君たちはどう生きるか(2023年製作の映画)
3.7
作品に関する事前情報が一切無いという近年では珍しい公開方法だった点が大いに興味をそそられ、これ迄ジブリ作品を一度も劇場で観ることがなかったが足を運ぶキッカケにはなった。

どのような作品か全く分からない状況で、未知の空間に誘われる感覚、体験はとても貴重であり、興奮した。大筋はシンプルなストーリーながら、主人公が突入する不思議な“世界”には具体的な説明は明言されないものの、多様な解釈を持たせる含みが感じられる一筋縄では行かない、これまでの同スタジオで作られた作品群(全ては観てないが)とは一線を画す内容に個人的には満足出来た。

ありきたりな新作(恐らく多くの人はコチラを望んでいたのではないだろうか)だったとしたら、あくまでも面白かったか否かの感想になりそうだが、正直なところそのどちらとも言い難い不思議な作品であることは間違いなく、理解する事よりも直観的に味わうアート思考の趣きが強い、これもまた恐らく多くの人が嫌う傾向のありそうな「雰囲気系(と呼ぶかはどうかは知りませんが)」の作品であったことは、評価としての判断基準が「すき」か「キライ」かというところになってくる。

そういった意味で、確かに映像的に刺激があって目を見張るシーン(特に集合体が蠢く表現やアオサギの中身が出てくるビジュアルなどはゾクゾクさせられた)は幾つも展開され、映像的な面白さはあったと思うが、そもそもジブリ作品にそこまで思い入れが無い、また絵柄や世界観などでの好みがあるワケでもない自分としてはそこまでハマれるものではなかったのが正直な感想になってしまう。

テンポ感に関してはややゆったり目で、もう少し緩急のあるものだったら多少印象は変わっていたかもしれない。

原作は未読だが、恐らく“世界”への導入の役割を果たすアイテムとして機能しているもののみではないかと推測できるので、タイトルはあくまで“引用”ということか、若しくは劇中の主人公の行動原理等が原作とリンクしている部分もあるのかもしれないが、その辺は判断出来なかった。

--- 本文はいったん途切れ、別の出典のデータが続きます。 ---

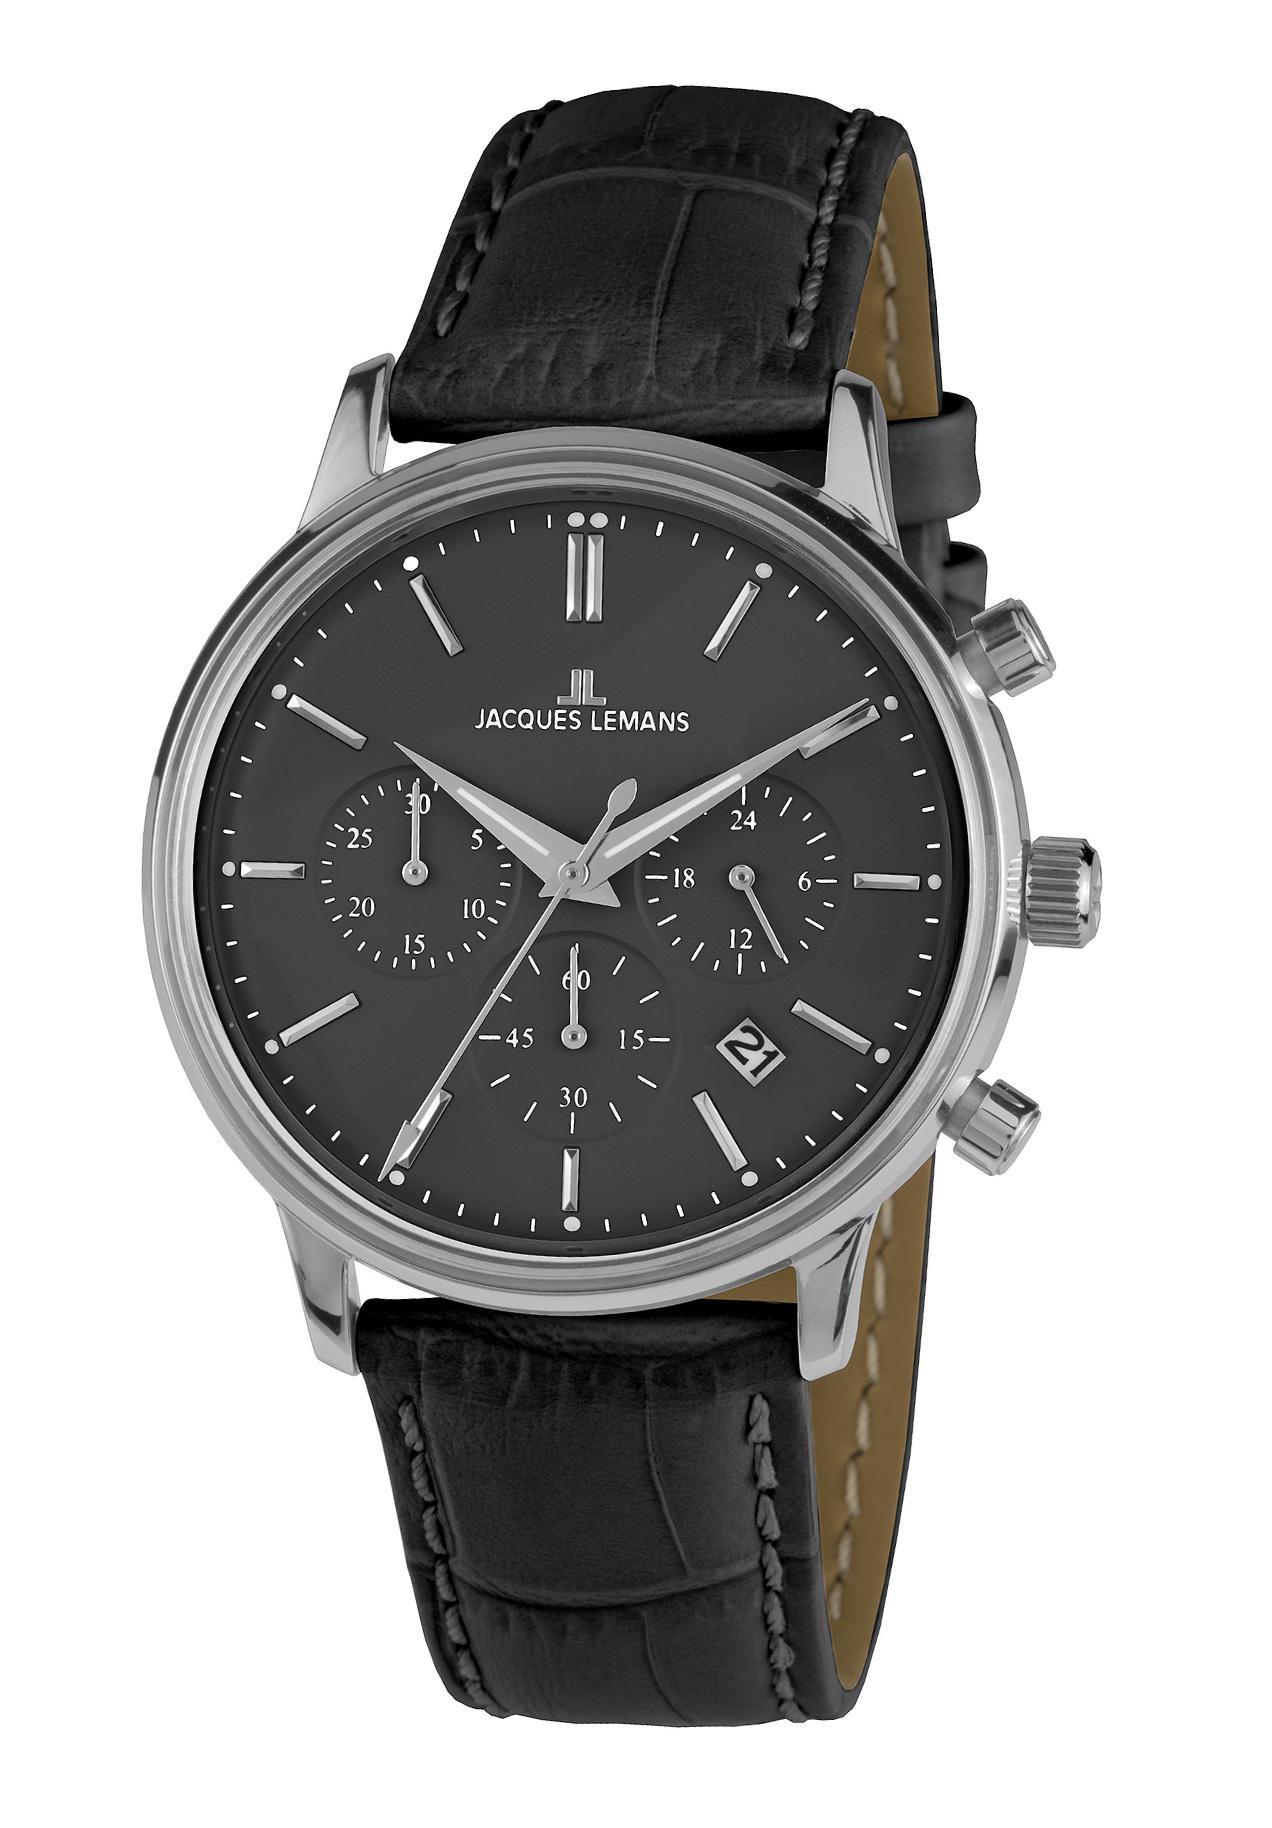 Jacques Lemans Herrenchronograph Retro Classic N-209P nur

劇中に登場する様々なオブジェクトから過去作品からの類似点を見出すことができ、その“世界”が監督自身の持つ世界観の投影、またその“世界”の後継者を探すという創始者の願いが語られるくだり、そしてそれに対して主人公が選択する意思は、正しく「君たちはどう生きるか」という核心になる部分だと思うが、監督自身が誰に対して向けたメッセージなのか、読み取り方の解釈で色々と取れるのは投げっぱなしとみるか、興味深いとみるか。


個人的には自分の中だけの完璧な世界を作って閉じ篭もるより、完璧じゃない歪な現実を一生懸命に生きなさいよという…

…なんともエヴァンゲリオン的な、そういう着地に。勿論これは自分なりの解釈です。